--- Supplied data ---
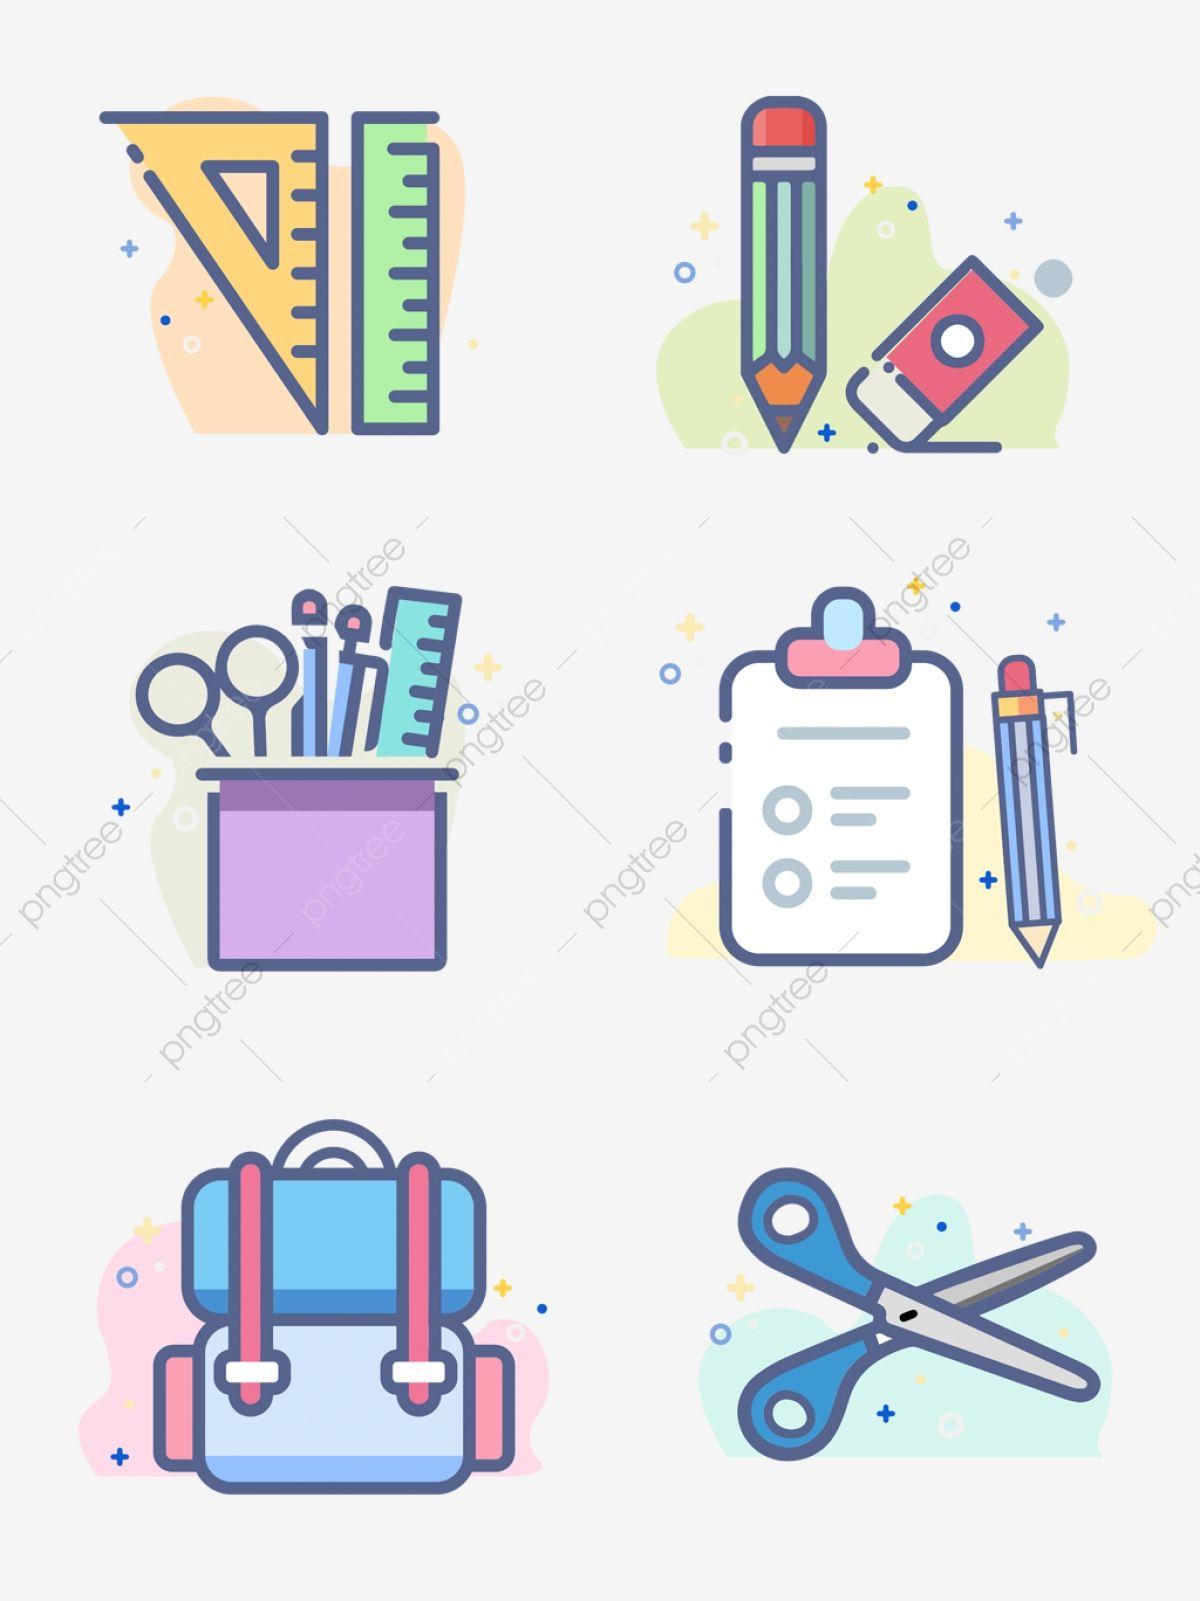 اللوازم المدرسية الكرتون Mbe على ظهره حاكم مقص قلم رصاص مبي أيقونة كارتون اللوازم المدرسية Png والمتجهات للتحميل مجانا Art School Supplies School Stickers School Supplies
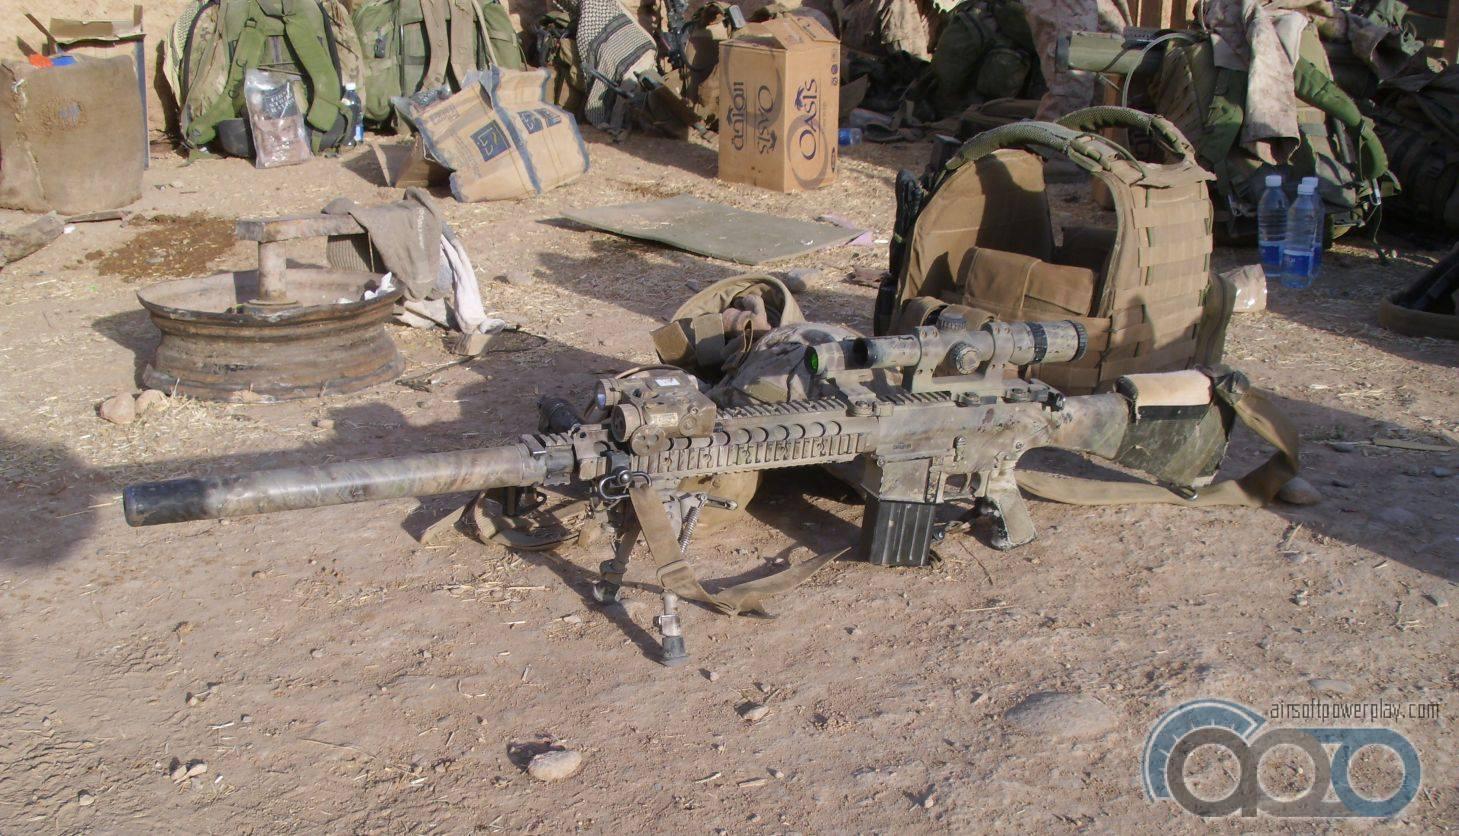 KAC Mk11
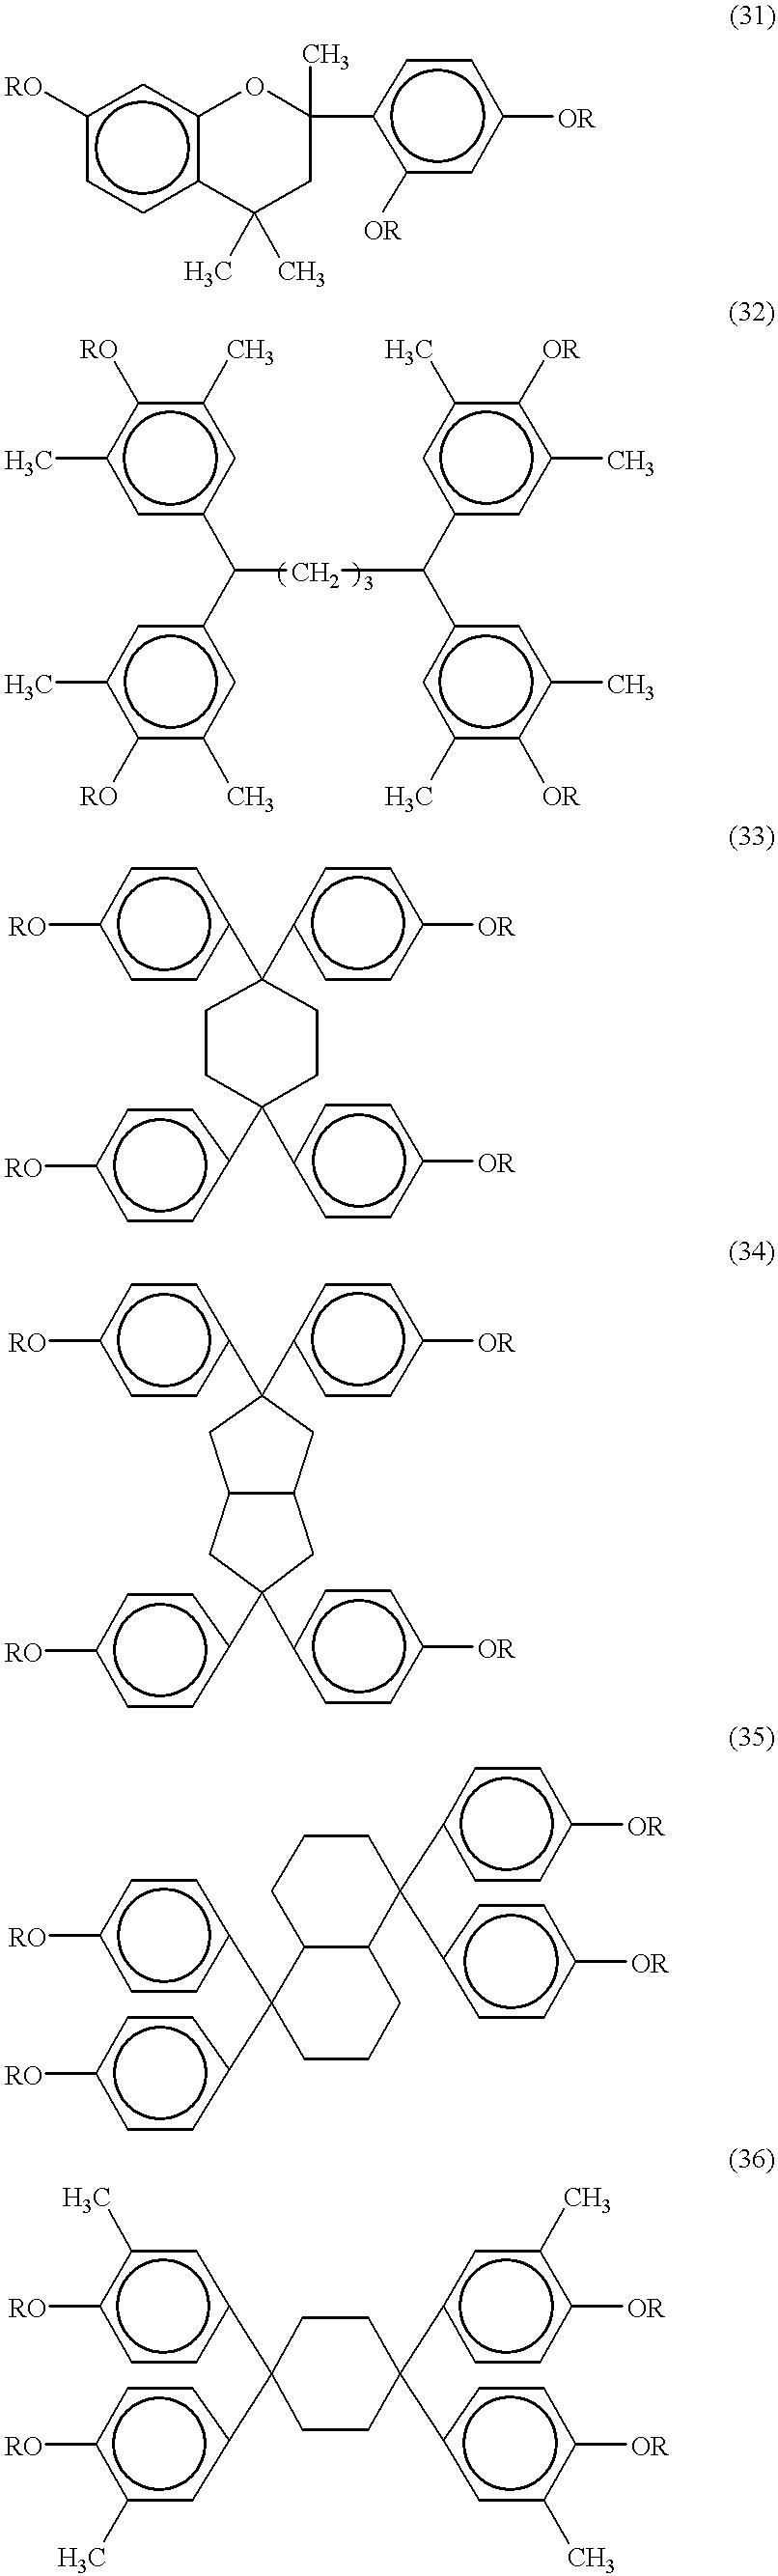 Figure US06485883-20021126-C00037
---
**Your assignment**. A verbatim retyping of the listing, without any pictures, is the expected answer.

**Solved exercise**.
 اللوازم المدرسية الكرتون Mbe على ظهره حاكم مقص قلم رصاص مبي أيقونة كارتون اللوازم المدرسية Png والمتجهات للتحميل مجانا Art School Supplies School Stickers School Supplies
 KAC Mk11
 Figure US06485883-20021126-C00037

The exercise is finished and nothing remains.